Pro und Kontra: Ist die US-Mission in Haiti zu militärlastig?
War es angesichts der großen Zerstörungen durch das Erdbeben gerechtfertigt, dass US-Militärs das Komando in Haiti übernommen haben, oder steckt da mehr dahinter als nur "schnelle Hilfe"?
P ro
Angesichts der Verheerungen in Haiti erscheint jede Hilfe willkommen. Auch und gerade logistische Unterstützung, wie sie in einer solchen Situation Militärs bereitstellen können. Insofern führt an der zentralen Rolle der USA derzeit womöglich kein Weg vorbei.

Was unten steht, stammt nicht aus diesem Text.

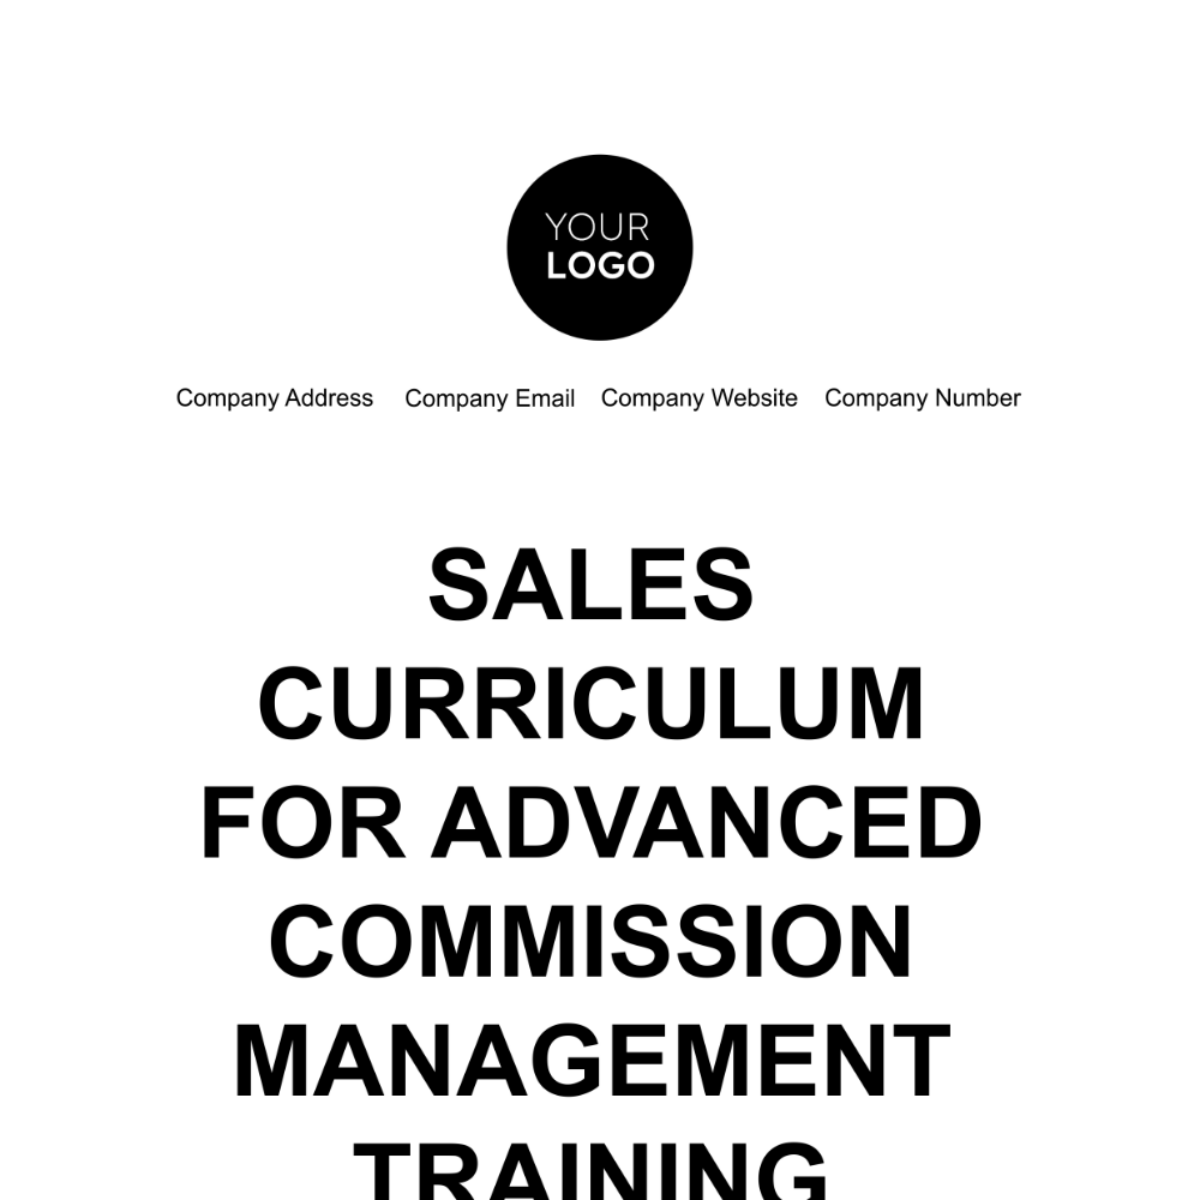 Sales Curriculum for Advanced Commission Management Training Template
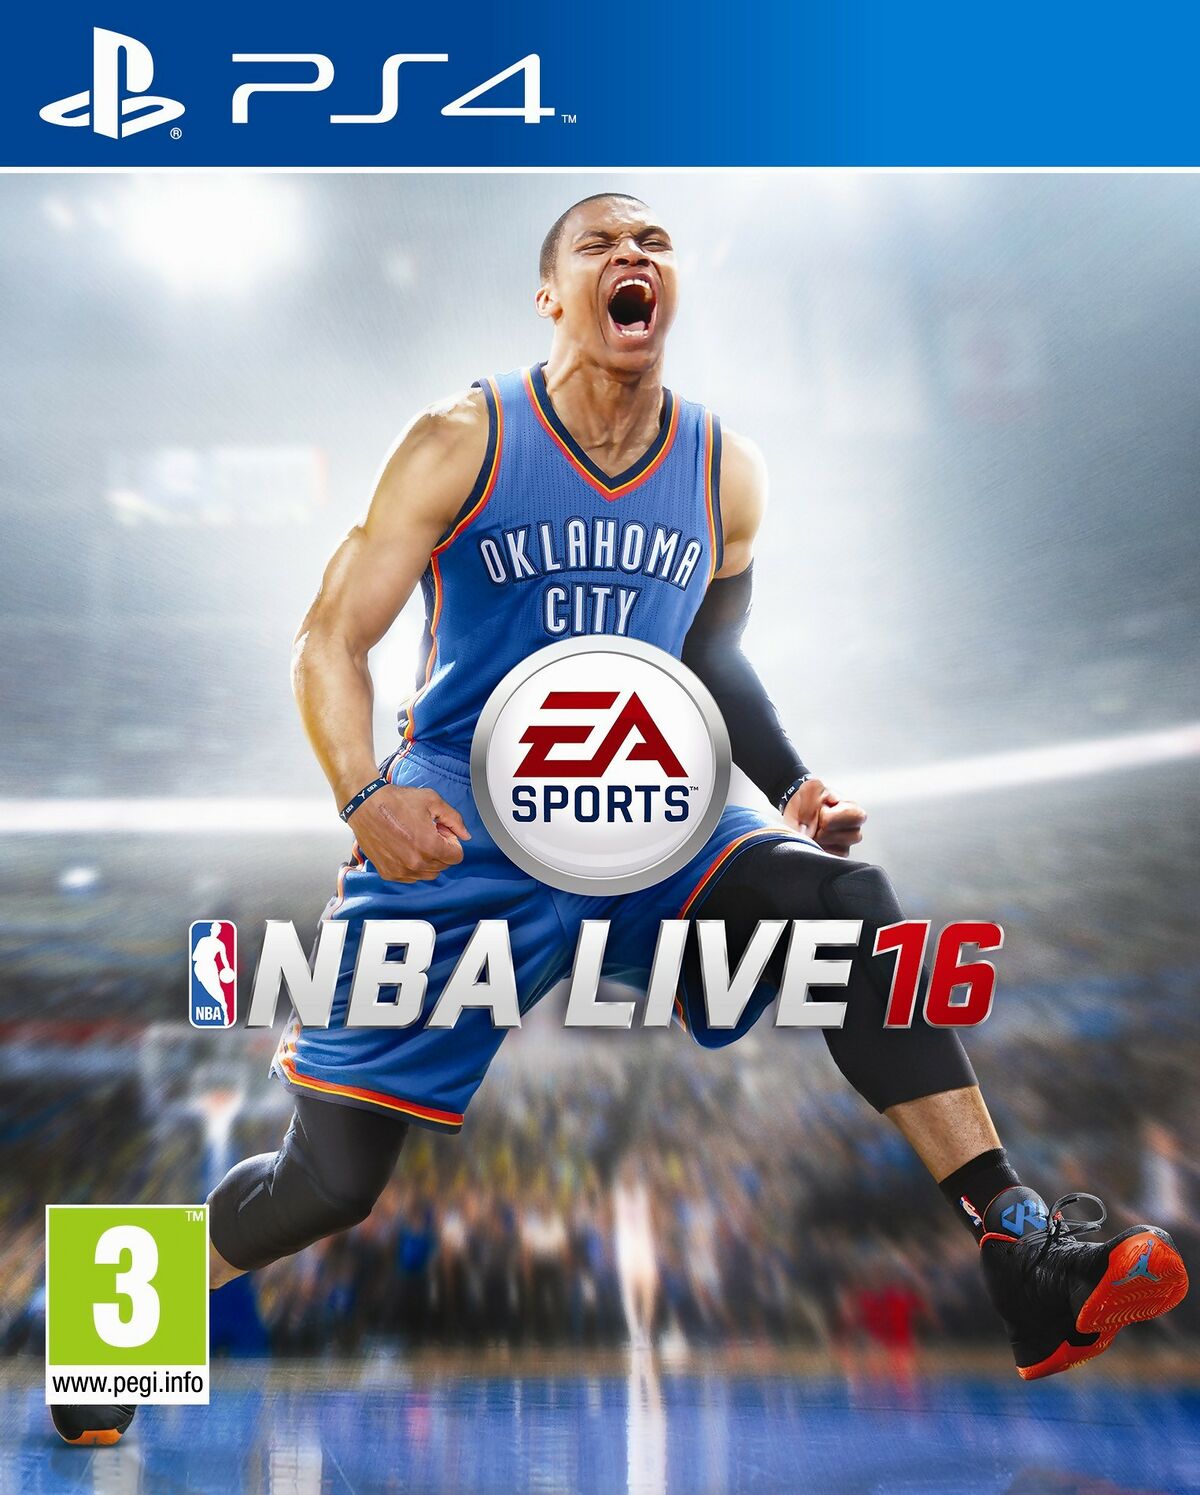 NBA Live 16 — StrategyWiki Strategy guide and game reference wiki

Trotzdem ist eine Gegenrede zum militarisierten Verständnis von Hilfe, noch dazu angeführt von den USA, jetzt nötig - aus zwei Gründen: Erstens stand der militärische Teil der US-Hilfe von Anfang an unter der Maßgabe, ein Eindringen haitianischer Katastrophen-Überlebender in die USA zu verhindern. Entsprechend werden Teile der Militärs auch stationiert an den Außengrenzen des Landes. Viel ist die Rede von der Gewährleistung der Sicherheit bei der Verteilung von Hilfsgütern. Der beste Weg, dies zu sichern, ist die Einbeziehung der Betroffenen, die Stärkung der Selbsthilfestrukturen, die sich in solchen Katastrophen herausbilden, und nicht die Androhung von Waffengewalt. In konservativen US-Think-Tanks gibt es eine Strömung, die eine Protektorats-Lösung für Haiti befürwortet. Wenn die US-Hilfe von diesen Ideen geleitet ist, dann sollte man sich anschauen, wo diese Form von "Hilfe" bereits gescheitert ist: im Irak und in Afghanistan. Auch kann sich die US-Politik nicht gerade auf gute Traditionen hinsichtlich Haiti berufen. Die Interventionen der Großmacht sind wesentlicher Bestandteil der haitianischen Misere.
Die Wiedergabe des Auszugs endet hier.